For dividend investors, in particular, Microsoft has a lot of pluses. It produced more than $26-billion in free cash flow in the past 12 months, and it's sitting on about $51.7-billion, or more than $6 a share, of cash and short-term investments – more than enough to fund share buybacks and dividends.

While the yield of 2.7 per cent won't make you rich overnight, Microsoft has steadily raised its dividend since shelling out its first payment in 2003. That includes a hefty 25-per-cent bump in September. It also paid a sizable special dividend of $3 a share in fiscal 2005. Given the company's dividend growth record, ample cash reserves and consistent profitability, those dividend hikes will almost certainly continue well into the future. If anything, investors would like to see the company accelerate the pace of dividend increases.

As for valuation, even after the stock's 20-per-cent run the shares aren't expensive for a company of Microsoft's stature, particularly given the growth kickers of Windows 8 and the Nokia partnership. The shares trade at a multiple of 10.8 times estimated fiscal 2012 earnings, but if you subtract the $6 in cash on the balance sheet from the stock price, the P/E falls to about 8.6.
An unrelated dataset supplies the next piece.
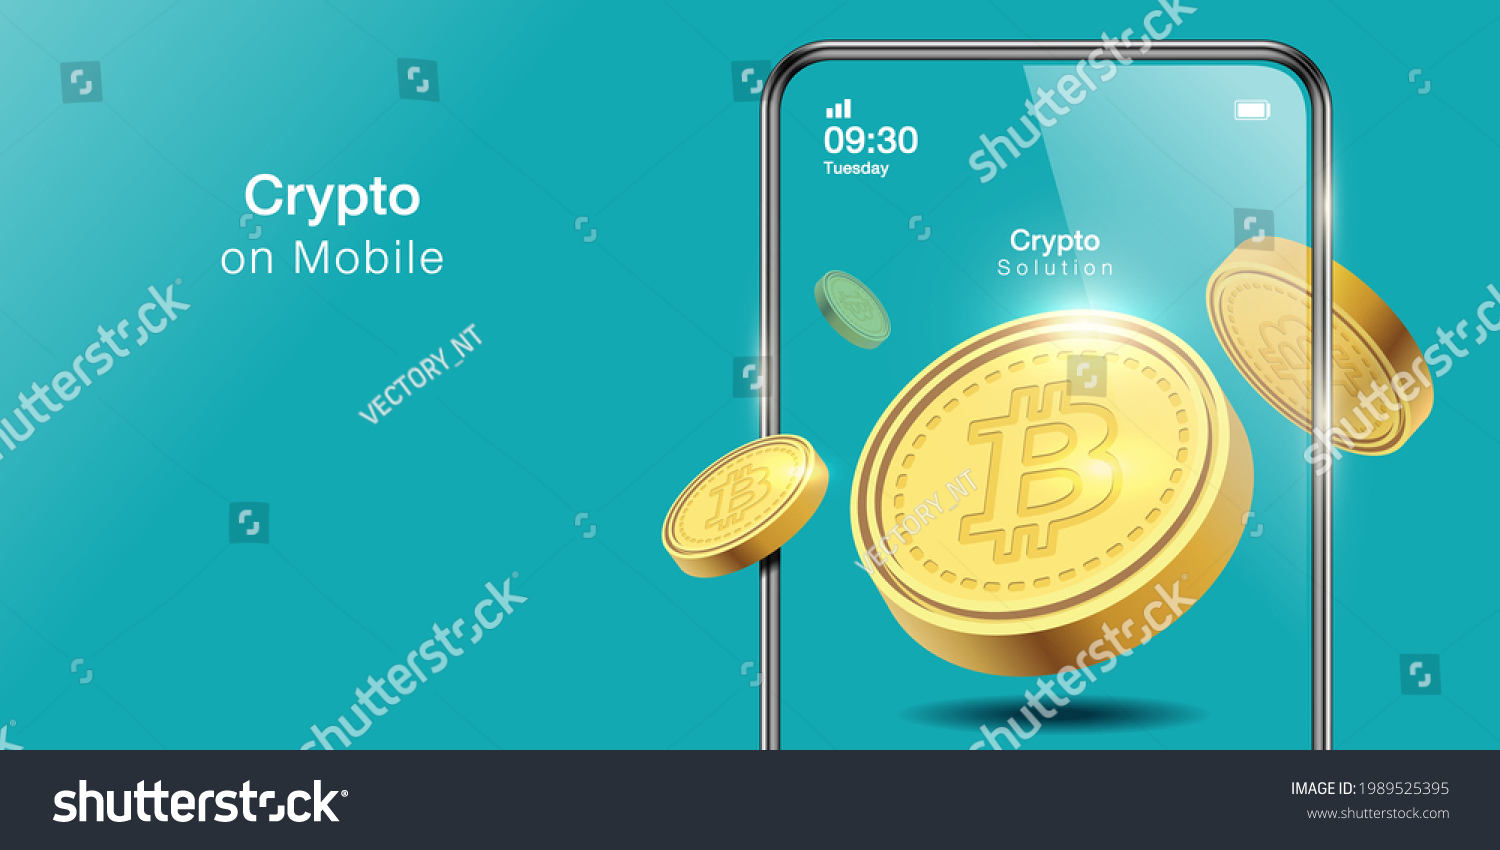 SVG of Bitcoin exchange. Flat design style web banner of blockchain technology, bitcoin, altcoins, cryptocurrency mining, finance, digital money market, cryptocoin wallet, crypto exchange. Vector svg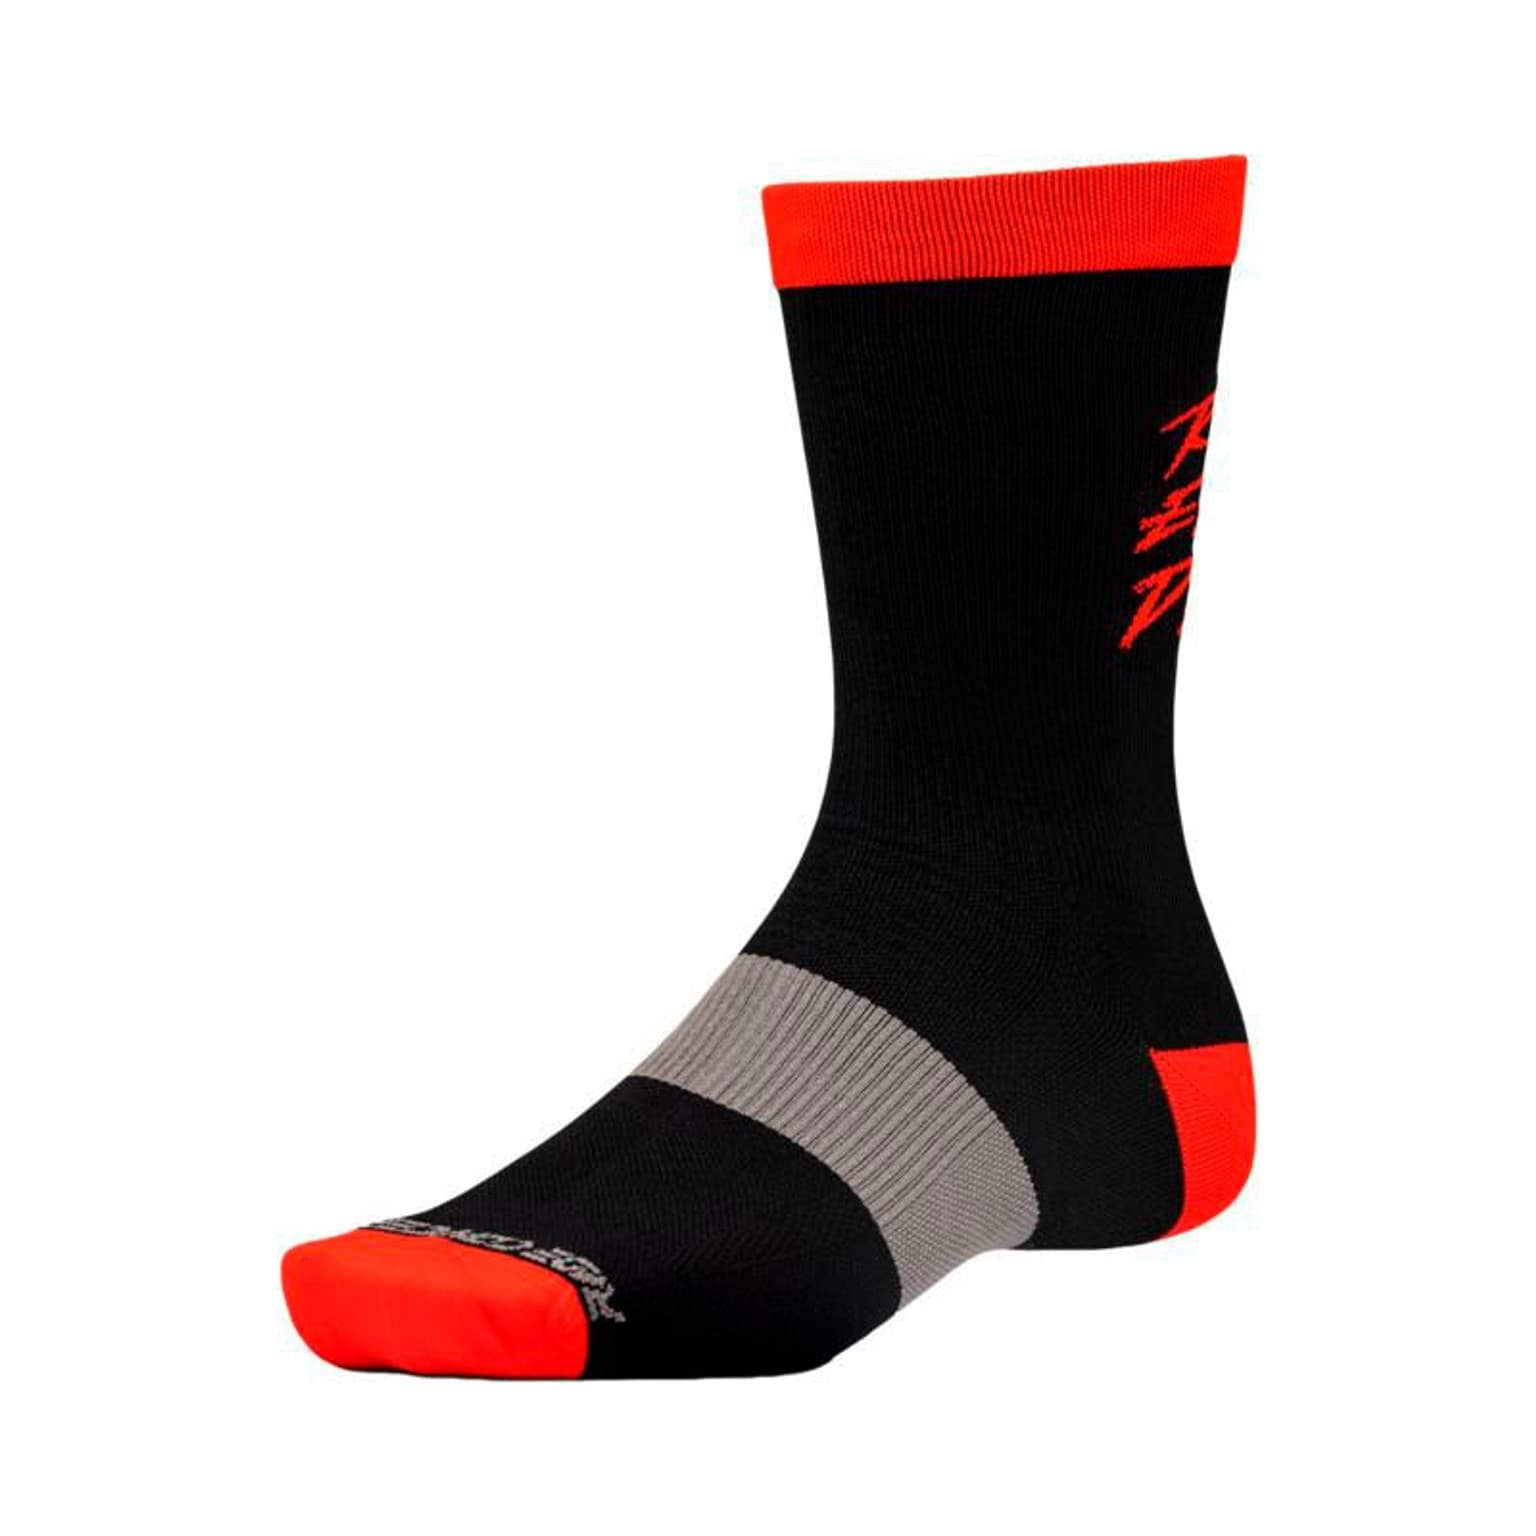 Ride Concepts Ride Concepts Ride Every Day Synthetic Chaussettes de vélo rouge 2

That said, analysts don't see a huge upside in the stock price over the next 12 months, perhaps because the benefits of Windows 8 will take longer than that to fully materialize. According to Bloomberg, the average price target is $31.37 – about 7 per cent higher than Tuesday's close. Of the 41 analysts who follow the company, 26 call Microsoft a "buy", 14 a "hold" and one a "sell."

Is Microsoft a slam dunk? No. In the fast-changing technology market, companies can be in favour one minute and in the doghouse the next. Just ask a Research in Motion shareholder. But given the breadth of Microsoft's products and services, its dominance in certain markets and its prodigious cash flow, it's a conservative choice for investors who want exposure to the technology sector and the virtual certainty of growing dividends.